On Sat, 20 Jun 2020 at 07:24, Paddy Doyle <pa...@tchpc.tcd.ie> wrote:

> UoM notice: External email. Be cautious of links, attachments, or
> impersonation attempts.
>
> Hi all,
>
> I've been trying to understand how to properly set a limit on the number of
> cores a user (or an association is fine either) can have in use at any one
> time.
>
> Ideally, I'd like to be able to set a default value once for the cluster,
> and then have it inherit down to lots of associations and users.
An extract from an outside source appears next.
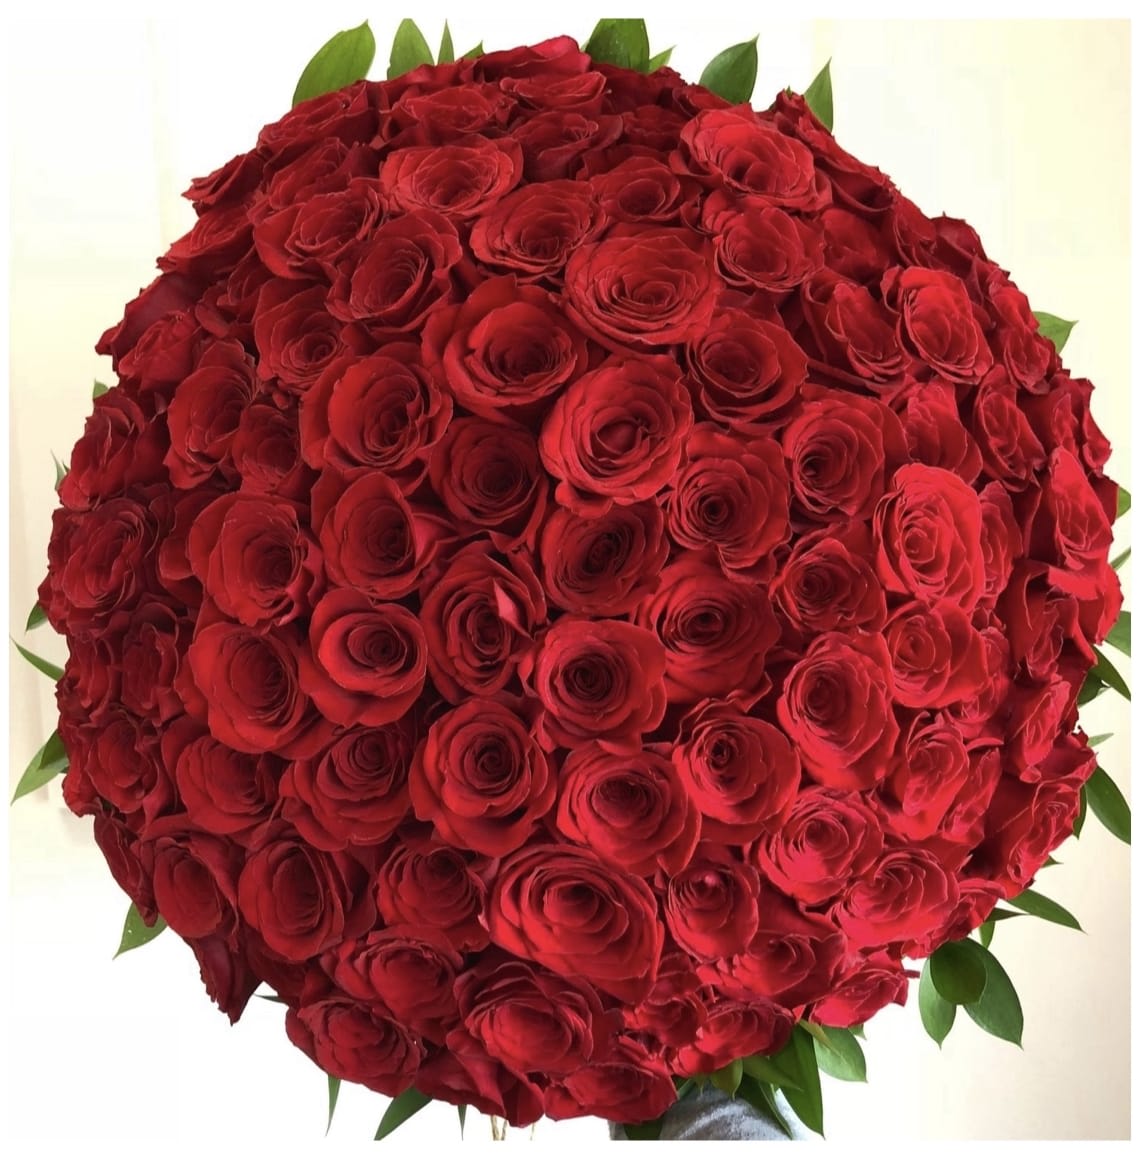 200 roses hand-tide bouquet in Doral, FL | Doral Orchids Florals & Events

And there
> are multiple clusters that need such a limit.
>
> Our setup has a single shared Slurmdbd, with multiple clusters connected
> back to it (I think that's important for QOS-based solutions).
>
> Most of the previous mails about this on the list (I know it's come up many
> times before) talk about QOS-based solutions, but the problem is that the
> QOS limits are global across all clusters, and so we can't use them like
> that.
>
> I've tried lots of different sacctmgr options on a test cluster, and can't
> seem to get it right. Any help would be really appreciated!
>
>
> I'll go through what I've tried:
>
>
> MaxJobs: this is not right, as it limits the jobs, not the number of cores.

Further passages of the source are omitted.